Wydaje mi się, że poprosiłem ją wtedy, by przeczytała nam jeszcze kawałek. Matka wyładowała na mnie swoją wściekłość; wrzeszczała, żebyśmy dali jej spokój. Zleźliśmy z łóżka i czmychnęliśmy z pokoju, trzaskając drzwiami. Potem chyba włączyliśmy telewizor. Telewizor był nowy, a czarno-biały obraz ostry i wyraźny jak biel ojcowskich koszul i czerń butów, które ojciec czyścił pilnie każdego ranka. Oglądaliśmy telewizję, dopóki matka się nie uspokoiła, bo potem wyszła z sypialni, ucałowała mnie i siostrę w czoło i zaczęła nam przygotowywać śniadanie.
Następną wzmiankę o Żydach usłyszałem dopiero w wieku jedenastu lat, kiedy to ojciec zaczął snuć plany przeprowadzki do Grecji. Przez całe lato mówił tylko o Europie.
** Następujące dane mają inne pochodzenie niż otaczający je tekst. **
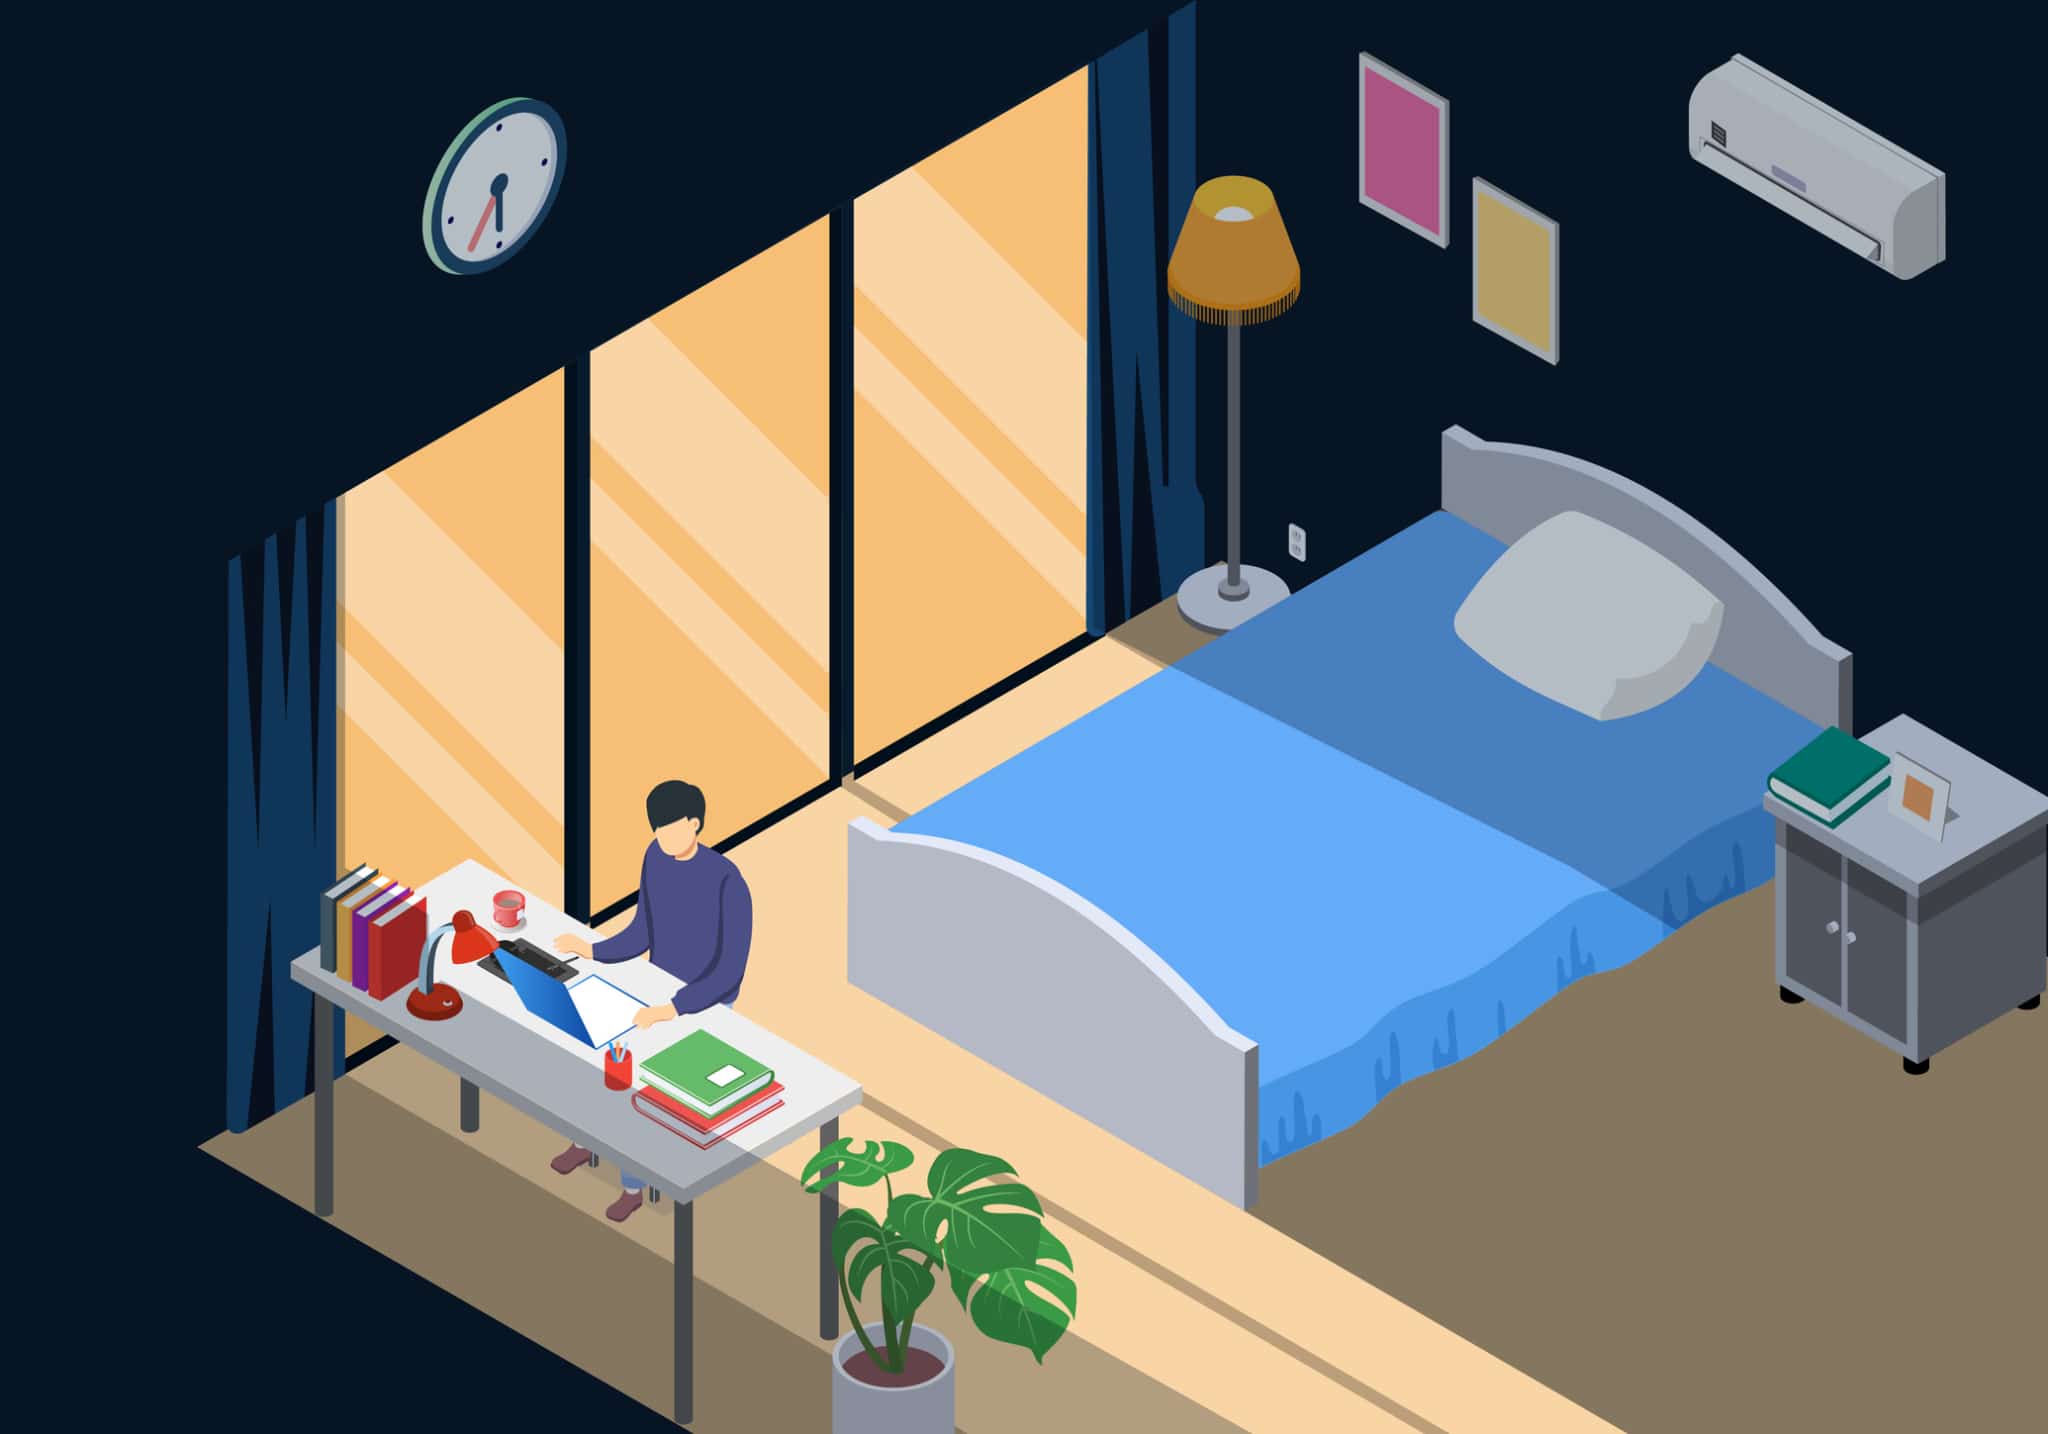 Worker work from home in bedroom in the evening near mirror. Isometric room interior and character using laptop. Stay at home.

Opowiadał nam o Paryżu i Berlinie, prawdziwych miastach, tłumaczył, w których dniem i nocą na ulicach roi się od ludzi. Opowiadał o swoich rodzinnych Salonikach, najpiękniejszym mieście w całej Grecji. Słowami malował obrazy przed moimi oczyma: widziałem zatłoczony, brudny port u stóp zrujnowanego zamku; wyobrażałem sobie wąskie zaułki, stłoczone staromiejskie domki, strome daszki straganów na starych żydowskich targach. Mówił, że zaprowadzi mnie pod Łuk Galeriusza, który liczy sobie prawie dwa tysiące lat. Wyobraź sobie, powtarzał, dwa tysiące lat. Czy ten kraj ma do zaproponowania coś równie starego? Nic, kurwa. Nic. Wracamy do prawdziwej historii. Grecja odzyskała wolność.
Wiedziałem, że matka nie podziela jego podniecenia perspektywą powrotu; nie zmieniał tego fakt, że Grecji wreszcie udało się pozbyć czarnych pułkowników. Matka spędziła w Australii większą część życia i teraz zaczęła się martwić: a to o pieniądze, a to o to, jak dzieci poradzą sobie z nauką języka. Ojciec odsuwał jej troski na bok. Kiedyś wyśmiał jej lęk przed lataniem.
– Nie ma się czego bać – powiedział z uśmiechem. – Samoloty są bezpieczniejsze od samochodów.
– Samoloty mnie przerażają.
– Wieśniaczka – żachnął się, ale tym razem z uśmiechem. Potem pocałował matkę w usta. – Przez całą drogę będę cię trzymał za rękę – obiecał. Ściszył głos do szeptu. – Jesteś taka piękna, że w Grecji nie będę mógł spuścić cię z oka. Tam są prawdziwi mężczyźni, będą mieli na ciebie ochotę.
Zarumieniłem się.
– Przestań, tato.
Ojciec puścił do mnie oko, a matka zaśmiała się i wyśliznęła z jego objęć.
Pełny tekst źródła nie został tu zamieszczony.